The PowerVision website features every site available for purchase in rural Kentucky. Users can:
- Search for sites of a particular size, or in a particular area
- View site data at a glance, including proximity to freeways and more
- Take a virtual flythrough of the site
- Download CAD files to do their own initial engineering work
Shinabery explains: “In the past, foreign investors interested in a site would have to hire independent contractors to capture mapping information for their feasibility and preliminary engineering use. Kentucky Touchstone wanted to provide usable data to potential investors so they could run actual calculations before ever making a decision on the site.”
This allows work to start before the site is purchased as conceptual layouts of potential buildings can be digitally constructed.
“The standard Pix4D file outputs can be used in multiple software applications,” Shinabery adds. “That allows us the flexibility to supply survey data that integrates with software that our clients already use - the Pix4D files fit right in.”
Videos featured on the website are a combination of drone footage, DSMs, conceptual site renderings and fly-throughs rendered in Pix4D. Shinabery says: “Clients think you’re actually flying the drone on the trajectory instead of showing a digitally rendered point cloud environment!

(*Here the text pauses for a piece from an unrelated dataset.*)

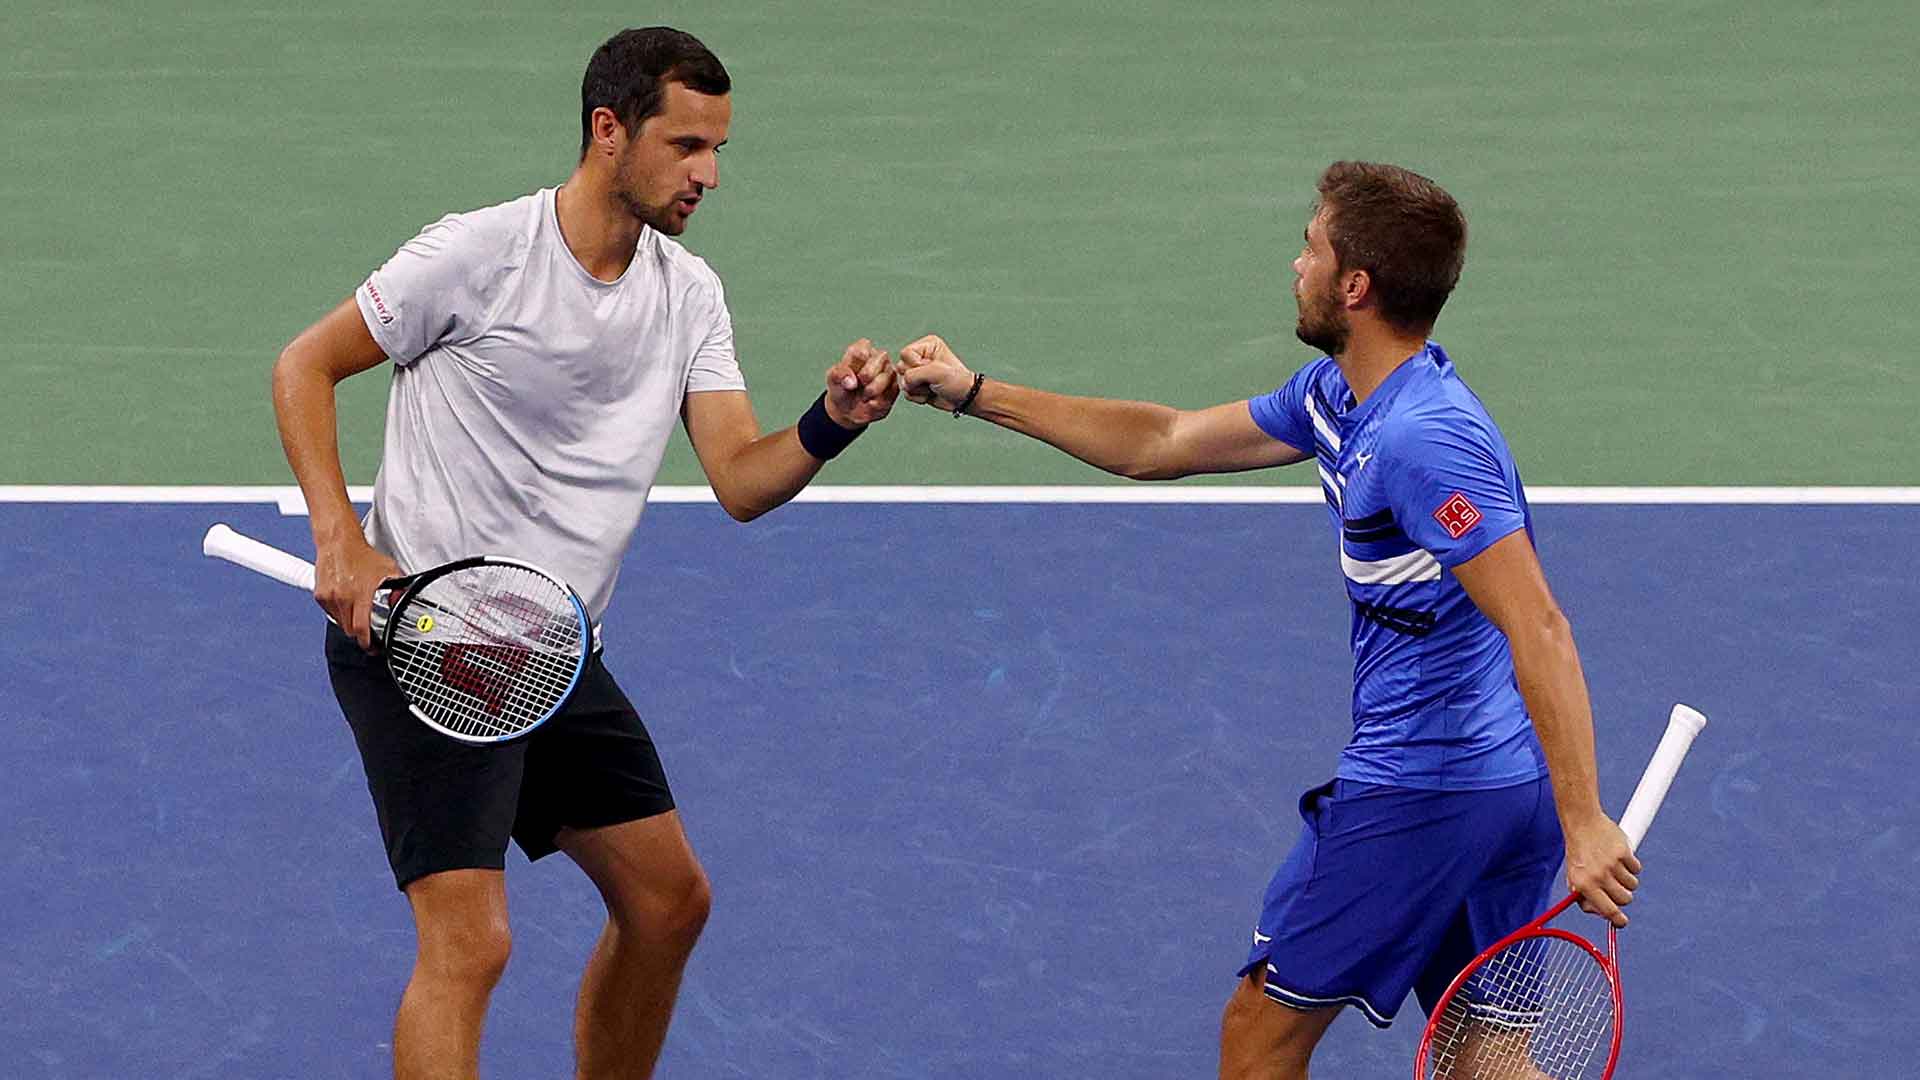 Mate Pavic and Nikola Mektic are fourth in the Pepperstone ATP Live Doubles Teams Rankings.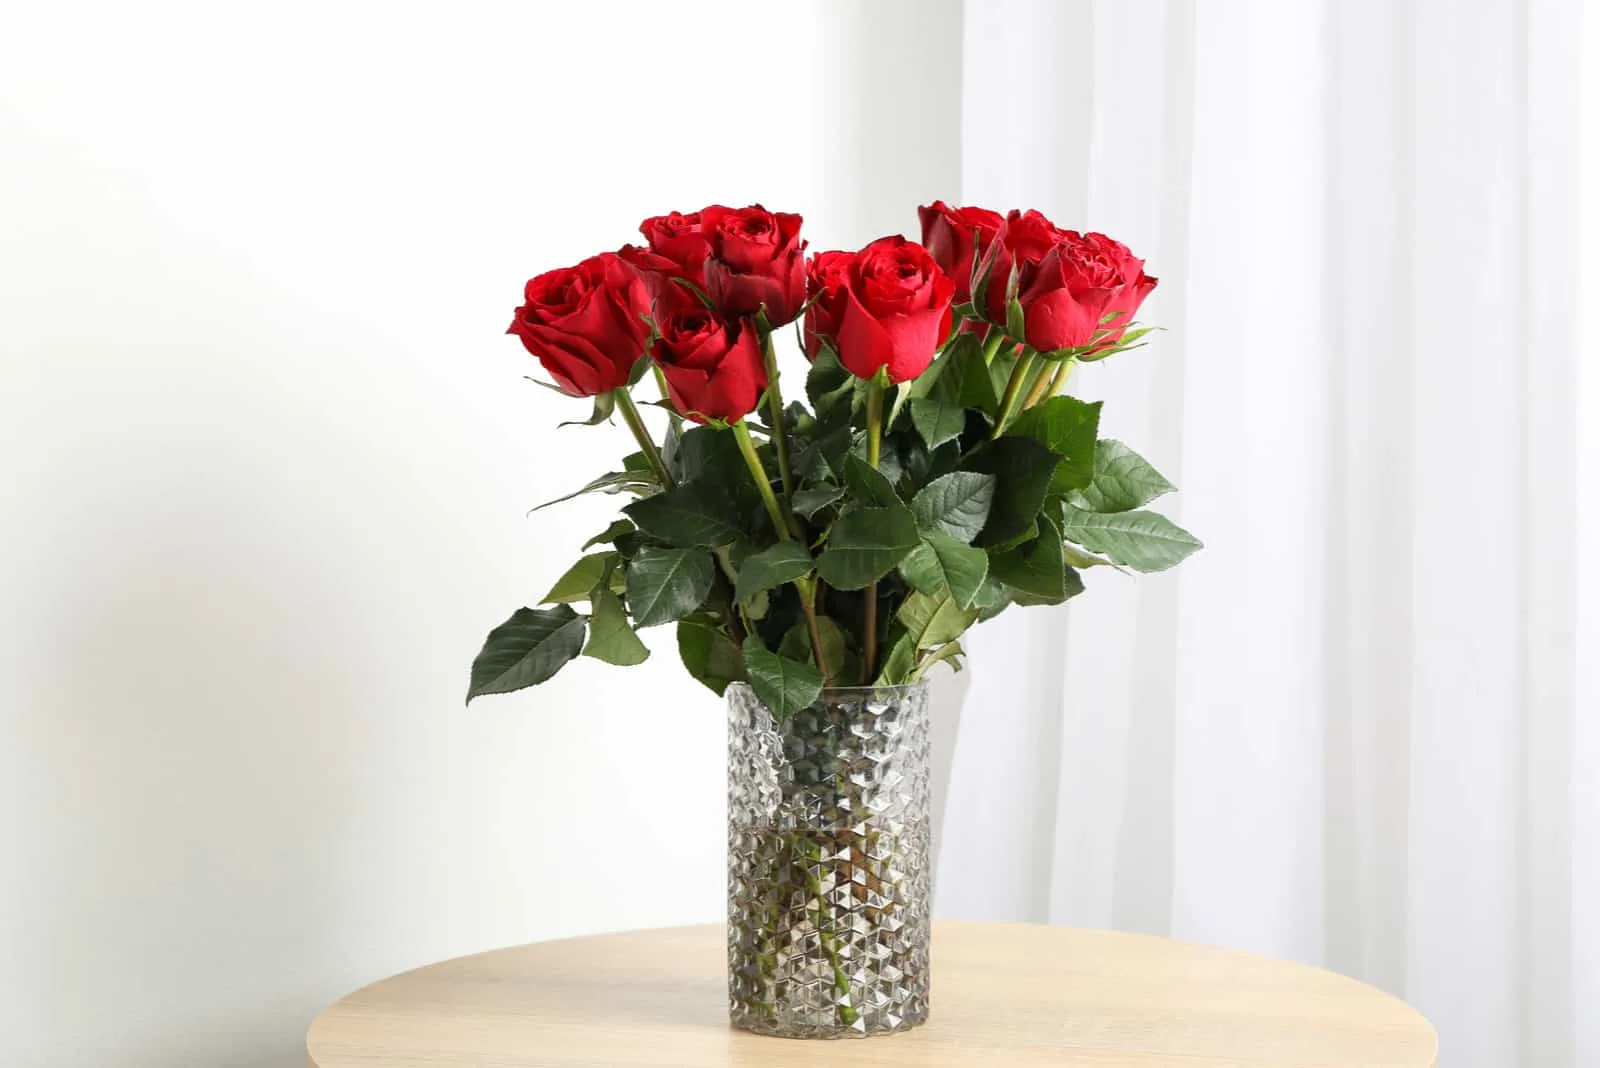 red roses in vase on the table

In my experience, Pix4D video trajectories are more smoothly rendered than other laser-scan walk through video outputs.”
Transformative results in days
Traditional surveying methods of sites up to several thousand acres would have taken months and hundreds of work hours per site to survey. Using drones and Pix4D photogrammetry software, each site was surveyed and individual project outputs were generated in under two weeks.
Three recent examples of investment which can be attributed to the PowerVision website include Wal-Mart’s Jet.com (e-commerce), Diageo (a Kentucky bourbon distillery) and Thai Summit (automotive parts). These three investments brought in a total investment of 301 million dollars and created 830 jobs.
Shinabery clarifies that drone mapping alone can’t solve an area’s economic woes: “All the investment is not directly based on the drone collection and mapping. The videos and access to the engineering data for clients formed a large part of KTEC’s marketing strategy to sell the sites. The total estimated impact on the Kentucky economy exceeds five billion.”
Award winning drone maps
For their efforts, Qk4 was awarded the prestigious Engineering Excellence Award from The American Council of Engineering (ACEC).
“Having a reliable post-processing software to produce the survey maps and DSM models has been great for us,” says Shinabery.